Review of Independent Media

‘Sex, Darbs and on the Dole’ is a short comedy film created by Tatjana Hamilton, starring Andrew Stevenson. Although the short film hasn’t had million of views, it’s still an excellent example of what a young filmmaker can do. As a finalist for the BUFTA Film Festival 2015 and the Whoops Film Festival 2015, Tatjana is a rising filmmaker who is a few steps away from breaking into the industry.

“A group of documentary filmmaker’s stumble upon a musician in a café in Brisbane and approach him and ask to follow him on his day to day routine as a musician. After a couple of weeks of filming, the film crew come to understand that his style of music is quite “unique” and not well received. The film crew explore this artist and the struggle that many others face with money, fame and a big-head.”- Tatjana Hamilton (October, 2015)

We see him busking in the street, recording albums and playing his music to unwilling listeners. During the film, we also get to see his friends and workers talk about his music.
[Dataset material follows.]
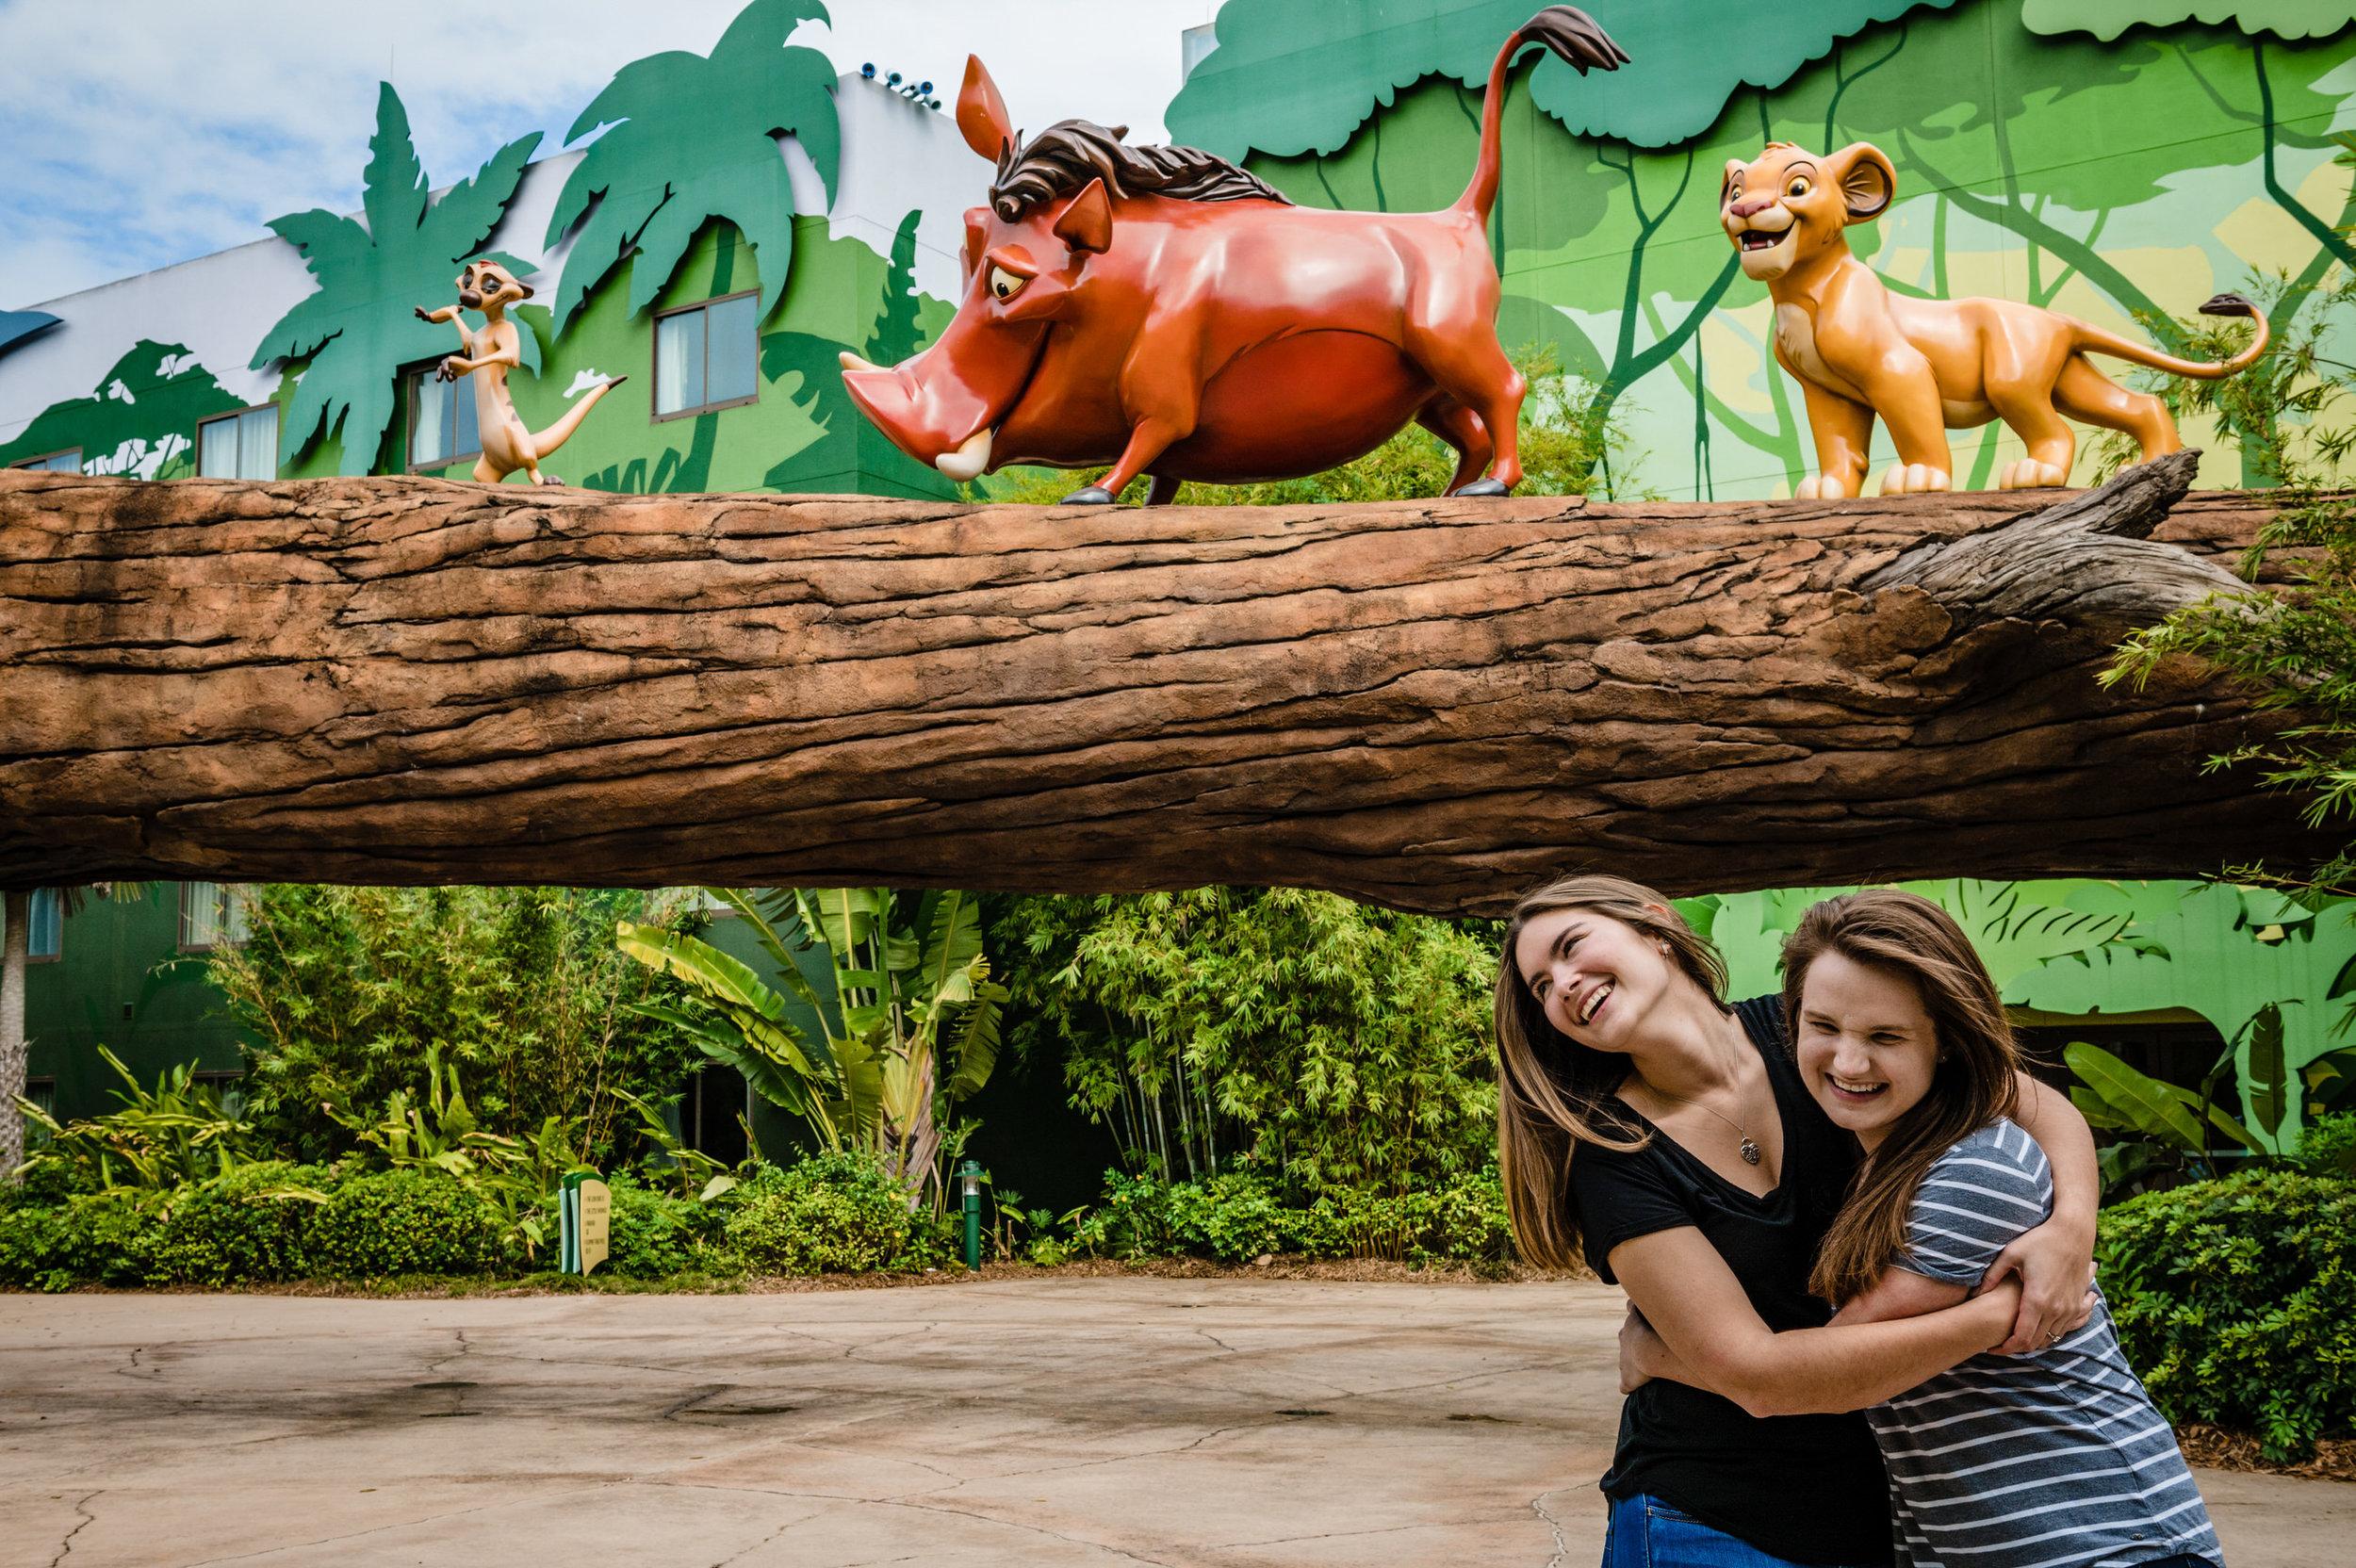 DisneyAnimation-Amanda&Shelby-5276.jpg

As this film is a mocumentary, there are classic documentary elements used (Interviews, the main character tells their biased version of the story, live action etc) but the content is comedy based. To understand the film, one must understand the colloquialisms that its filled with. This is where the film falls down, if someone who didn’t know these colloquialisms tried to watch the film, they wouldn’t understand the humour.

That being said, if someone can completely understand what the movie is trying to say, they will love it. The beauty of this film is that everyone in Brisbane has seen this stereotype of person. You either had one at your school and knew them well, or you’ve seen someone on the street and thought, ‘yeah that guy thinks he’s the absolute best’.

Tatjana uses her local surroundings and what she knows about Brisbane to make a film that speaks to brisbanites.  There’s nothing worse than a person who is completely unaware of the area, trying to make something for that area. She excels in including dialogue that most people would’ve heard at least once between some drunk homeless guys on the street. By using locations from all around Brisbane, she allows an audience member to connect with the surroundings, even if they have only been there once.

The artistic elements of film are present with the cinematography and editing not overwhelming ‘artsy’. The shots are simple and well planned. They work with the story and don’t confuse the viewer. At times they can be a little too simple and from a cinematography point of view, a little boring. Although it would’ve been nice to see a little more thought go into the chosen shots, the storyline and dialogue make up for it.

‘Sex, Darbs and on the Dole’ is a hilarious short film made by up and coming filmmaker Tatjana Hamilton. Andrew Stevenson brings the role to life with his absolute commitment to the character. If you’re able to understand and appreciate the hilarity of the content, this is a short you cannot miss.

Hamilton, T. (2015, October). Sex, Darbs and on the Dole. Retrieved March 29, 2016, from

Future Predictions



In 1887, Emile Berliner, patented her invention of gramophone records. Gramophone records are flat disks with spiral grooves that are etched with sound information. The discs vary in size depending on what sound is being put on. The first LP (Long playing record) was invented in the early 20th century.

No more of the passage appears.